Hi, team. Thank you for taking my question. Maybe just backing onto Eva’s here, focusing on the half-life–extended PRAME. I just want to ask if you can point us to what we need to see here to inform any major changes to the PRAME program in totality. You mentioned convenience and improved response. Should we be benchmarking this against what brenetafusp has already shown? Thank you.

Great question. Mohammed?

Thanks, Romy, for that question. Yeah, exactly. I mean, you know, as we said, we are in a very good position where we have our brenetafusp data and essentially PRAME HLE is brenetafusp with the Fc added on. And so we are doing the right experiment in the clinic asking those two basic questions, and based on the data, it will provide us optionality in terms of which molecule to carry forward in which setting.

Yeah. I think when we started it was really to look at convenience because, you know, we see with KIMTRAK with short half-life an amazing hazard ratio of 0.551. Now I think, you know, with other data there, if we see also an increase in ORR or something like that, then I think that is what Mohammed was talking about. He is looking at the totality of the data, and then we will determine, you know, the next steps. But we will do the experiments, and we will get the data.

Great. Thank you.

Our next question comes from the line of Patrick Trucchio with H.C. Wainwright. Please proceed with your question.
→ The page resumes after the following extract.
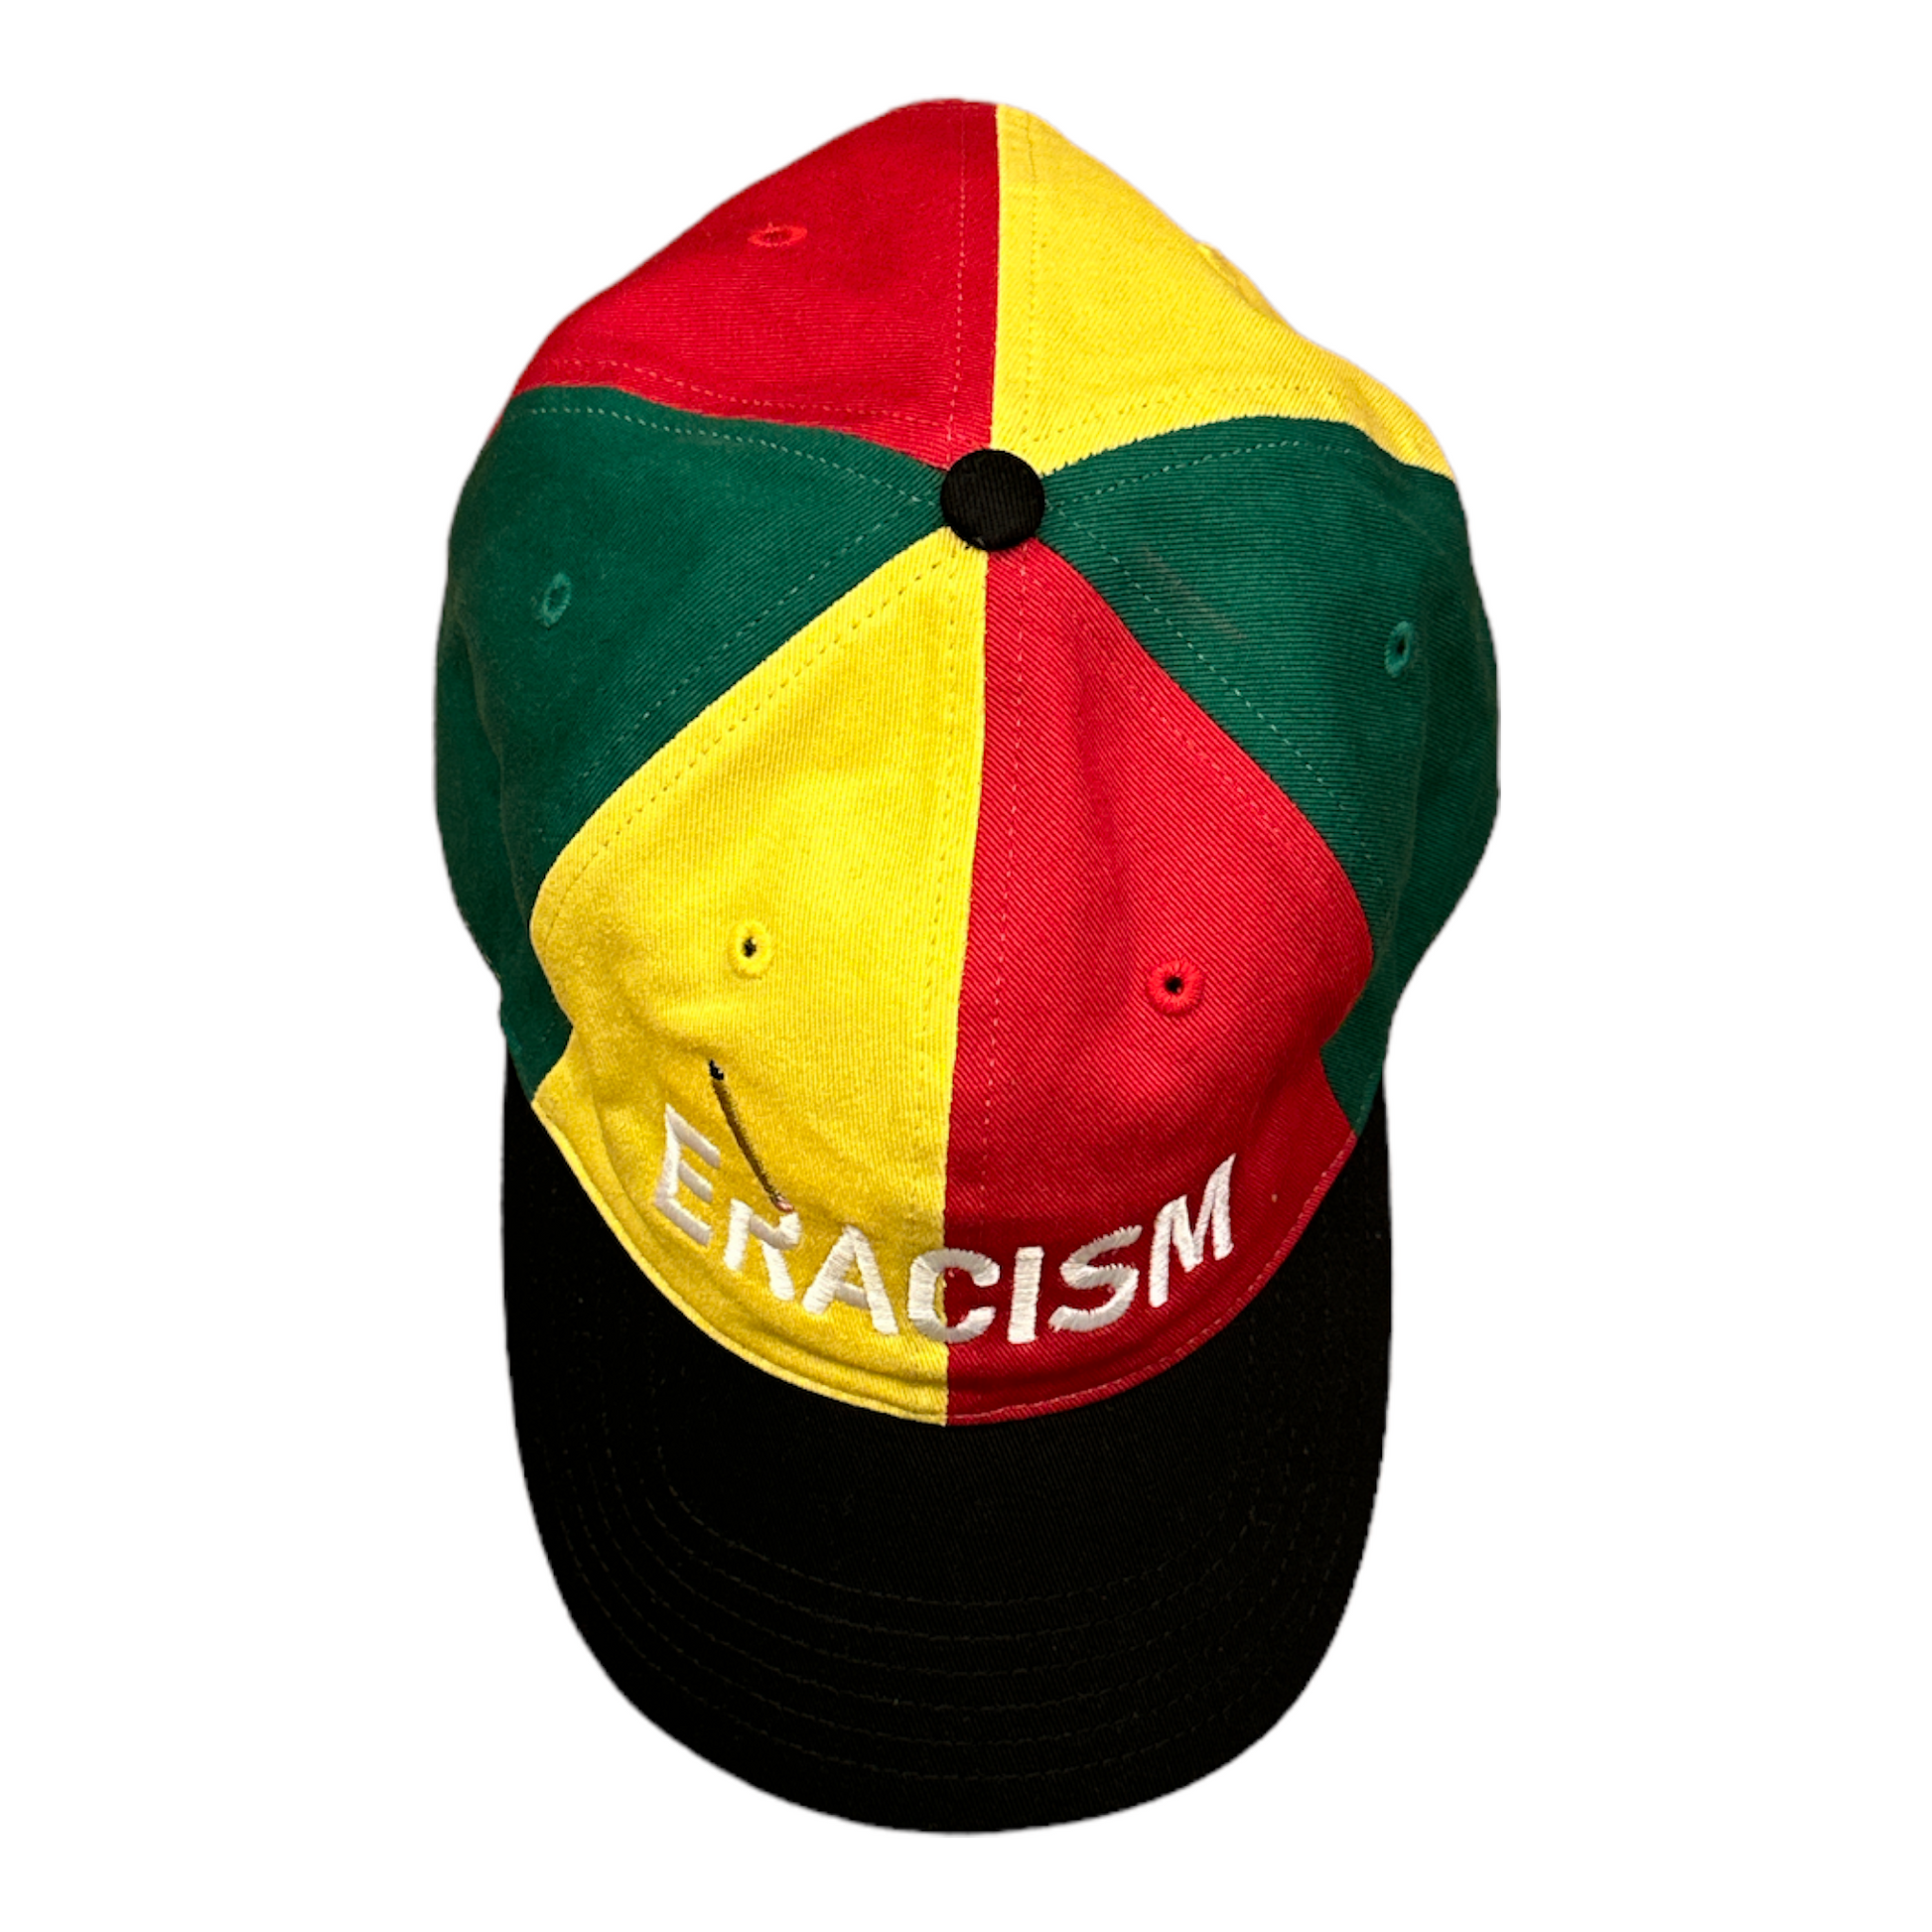 Eracism Hat - Sinners2Saints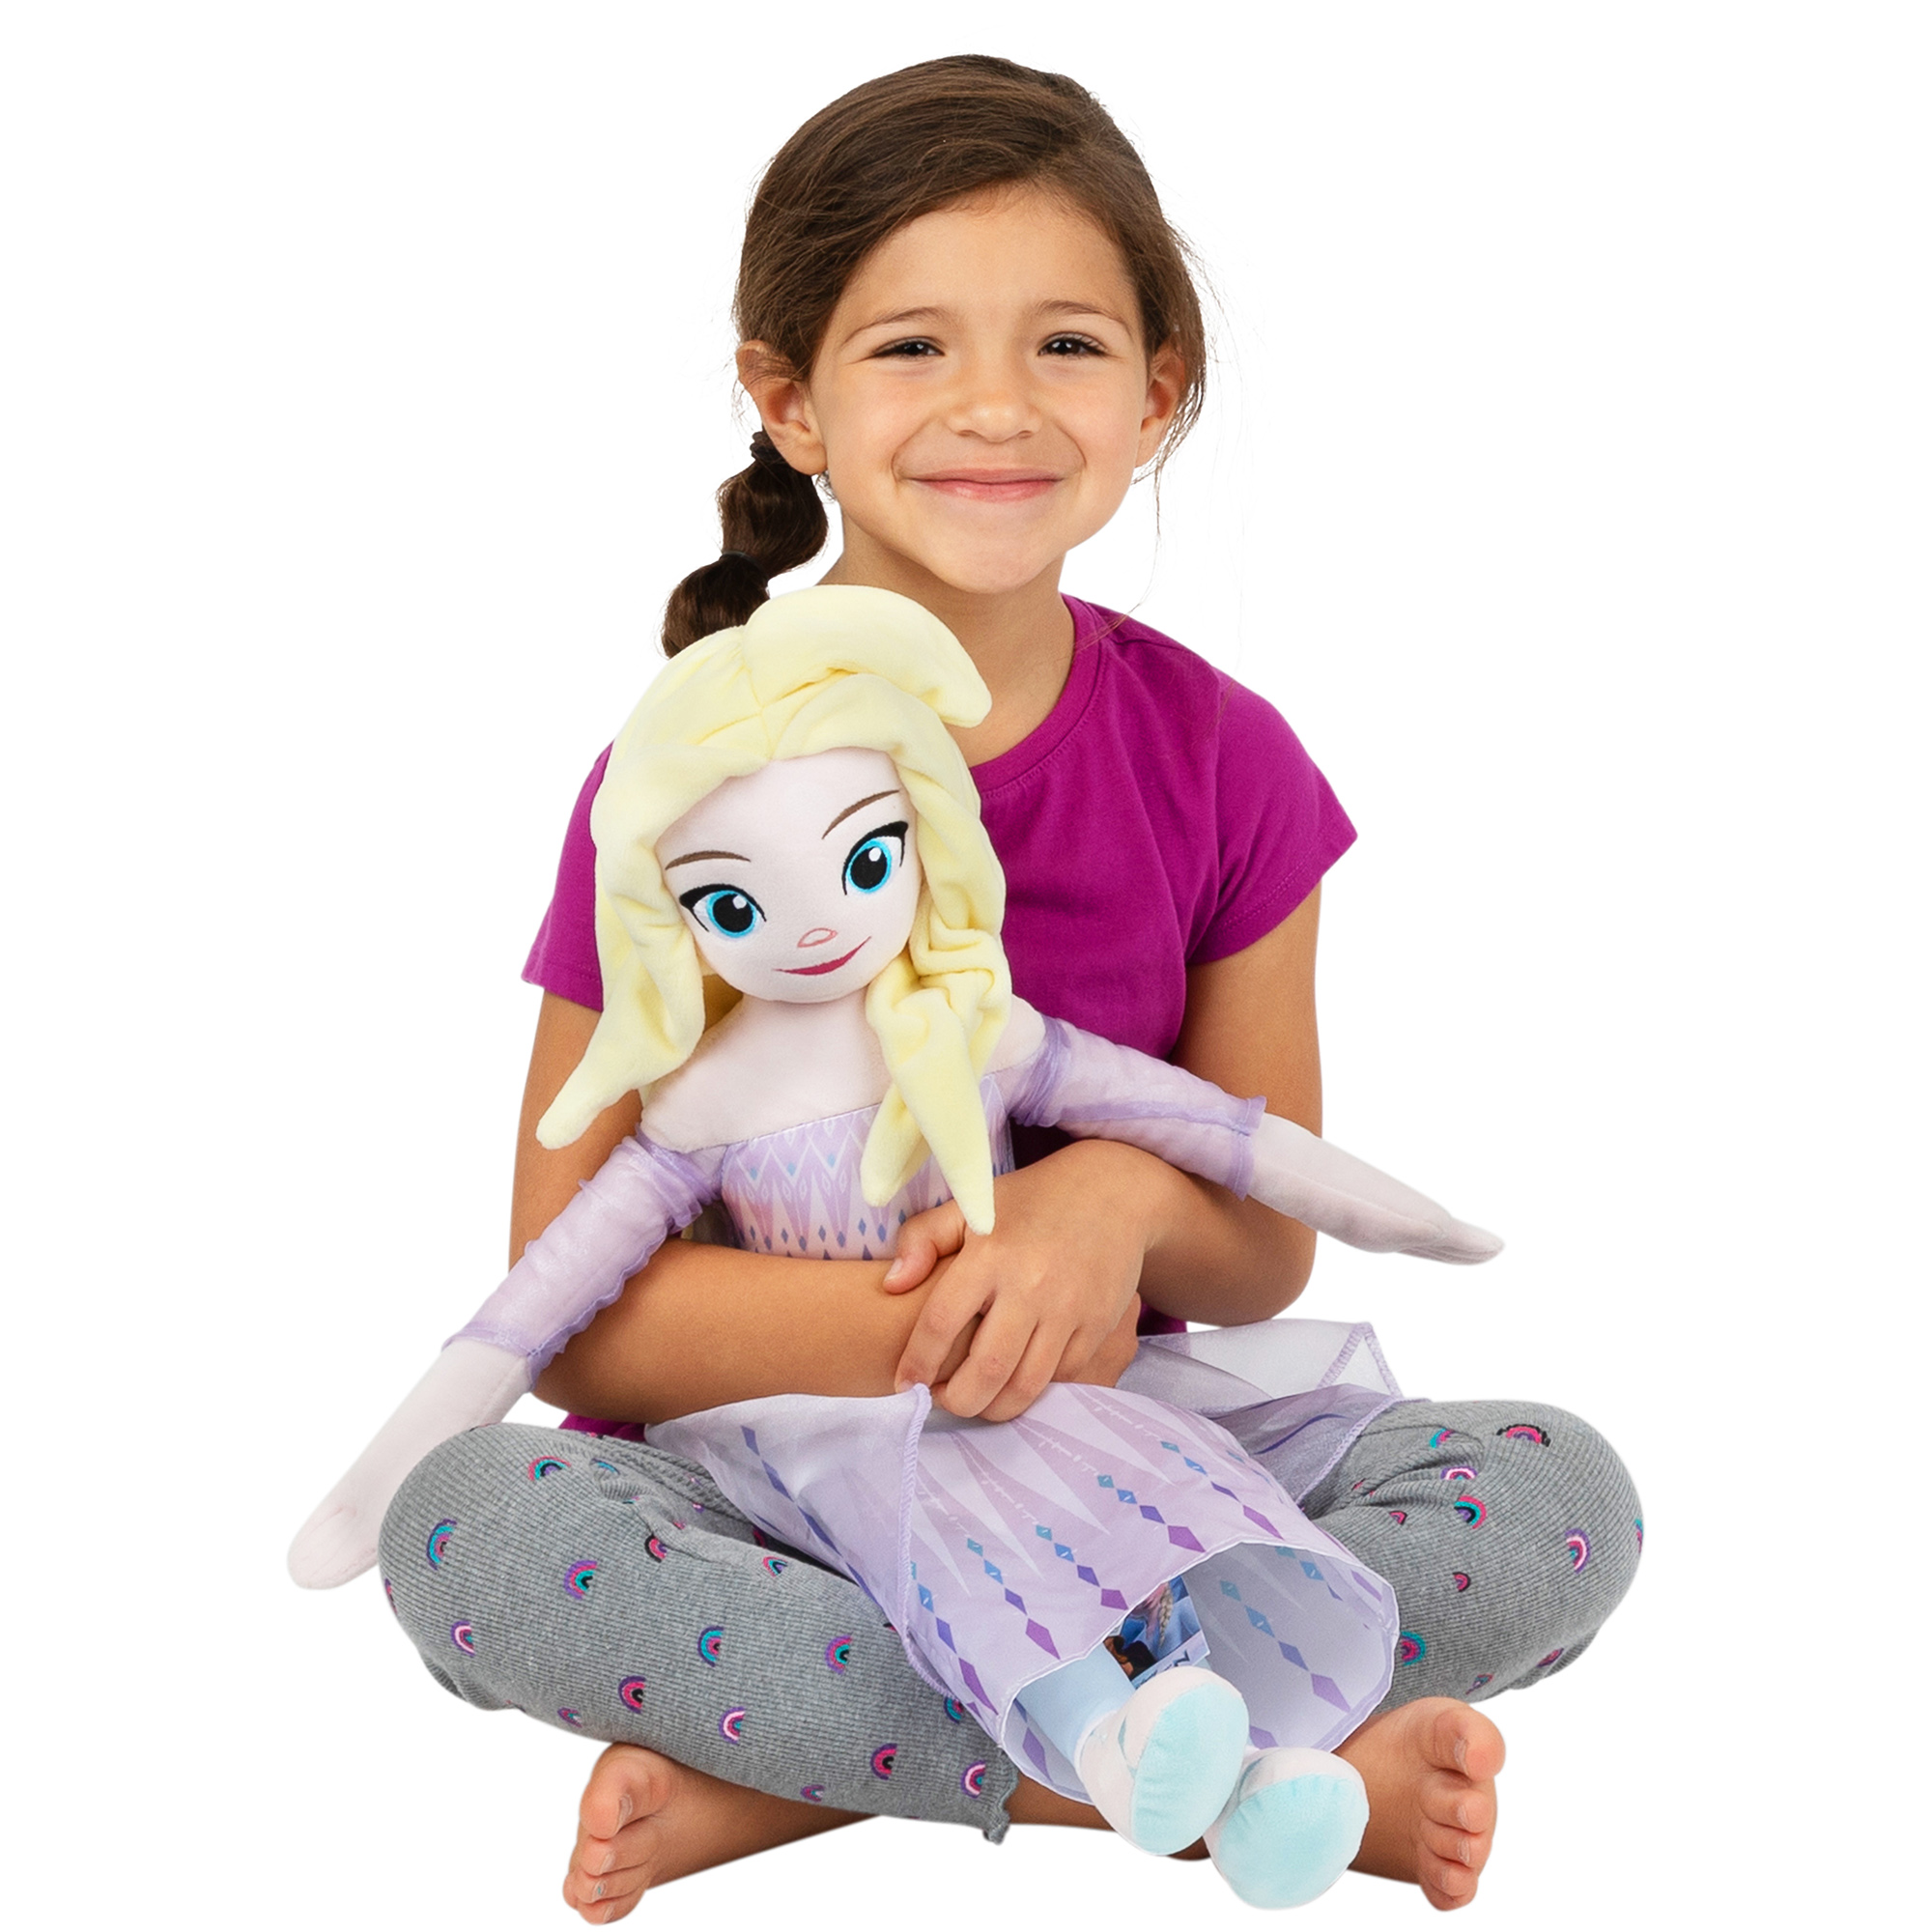 Disney Frozen Kids Elsa Bedding Plush Cuddle and Decorative Pillow Buddy, Purple - image 5 of 7

Thanks. Good morning. Just a couple of follow-ups on TEBE-AM. I am just wondering, given the OS primary endpoint, what would the assumed median OS in the control arm be, and has anything in the real-world evolution of the treatment landscape changed that assumption since trial initiation? And then just separately, just regarding the timing of the data as early as second half 2026, maybe you can give us an idea of what the event assumptions are driving that, and the probability that the data perhaps slips into 2027?

Okay. I will take the second part, and then Mohammed will take the first part. So because it is an OS endpoint, it is event-driven. So we will have a little bit better idea maybe when the trial is done, but it is going to depend on the events. That is why, you know, just doing the calculation that we did and the assumptions, we see it today as as early as the second half of 2026. So we will get a little bit better once we finish the trial and, depending on the events. But, Mohammed, do you want to take the first part?

Sure. Thanks for the question, Patrick. So with regards to OS assumptions for the control arm in TEBE, the assumptions we made at the start of the trial really have not changed because, ultimately, there has been no randomized trial that has actually established an improvement in survival in this setting. So those assumptions essentially were a median overall survival between—

Great. Thanks so much.

We have reached the end of our question-and-answer session. With that, I would like to turn the floor back over to Morgan Morse for any closing comments.

Thank you for joining us today. We appreciate all of your support.

Thank you.

Thank you, ladies and gentlemen. This does now conclude today’s teleconference. We appreciate your participation. You may disconnect your lines at this time. Enjoy the rest of your day.